Work order :: Repeat exactly the lines of the records below, starting at the line containing "Katherine Power buys" and ending at the line containing "Horizontal shot of". Leave the pictures out.

Data for this exercise ::
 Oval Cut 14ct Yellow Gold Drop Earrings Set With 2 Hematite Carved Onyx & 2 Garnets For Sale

* * *

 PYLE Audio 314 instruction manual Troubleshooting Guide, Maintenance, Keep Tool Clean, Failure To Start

==

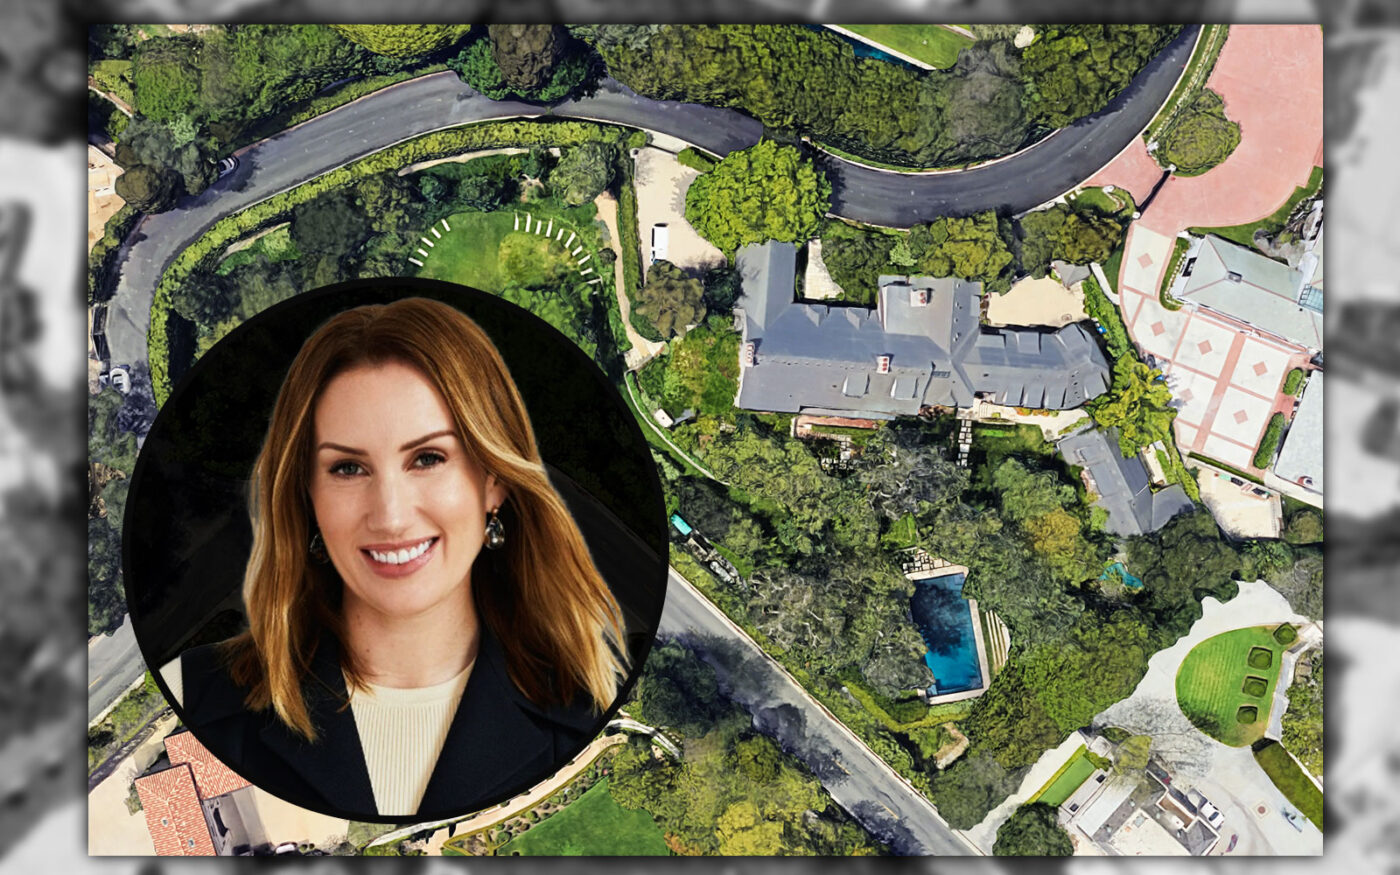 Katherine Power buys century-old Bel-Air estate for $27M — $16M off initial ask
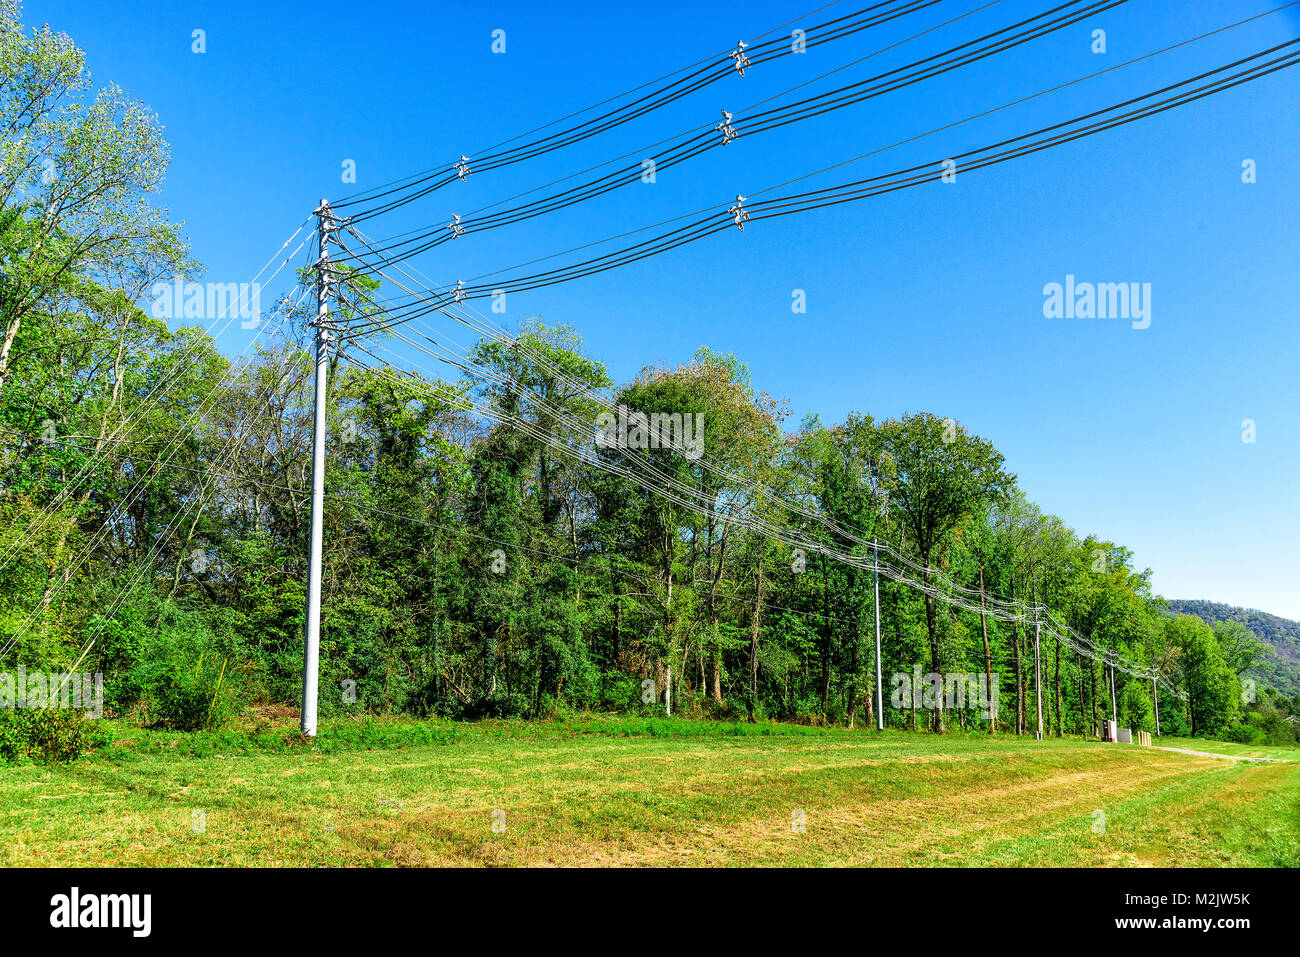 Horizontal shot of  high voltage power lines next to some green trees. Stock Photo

Reply to the exercise ::
 Katherine Power buys century-old Bel-Air estate for $27M — $16M off initial ask
 Horizontal shot of  high voltage power lines next to some green trees. Stock Photo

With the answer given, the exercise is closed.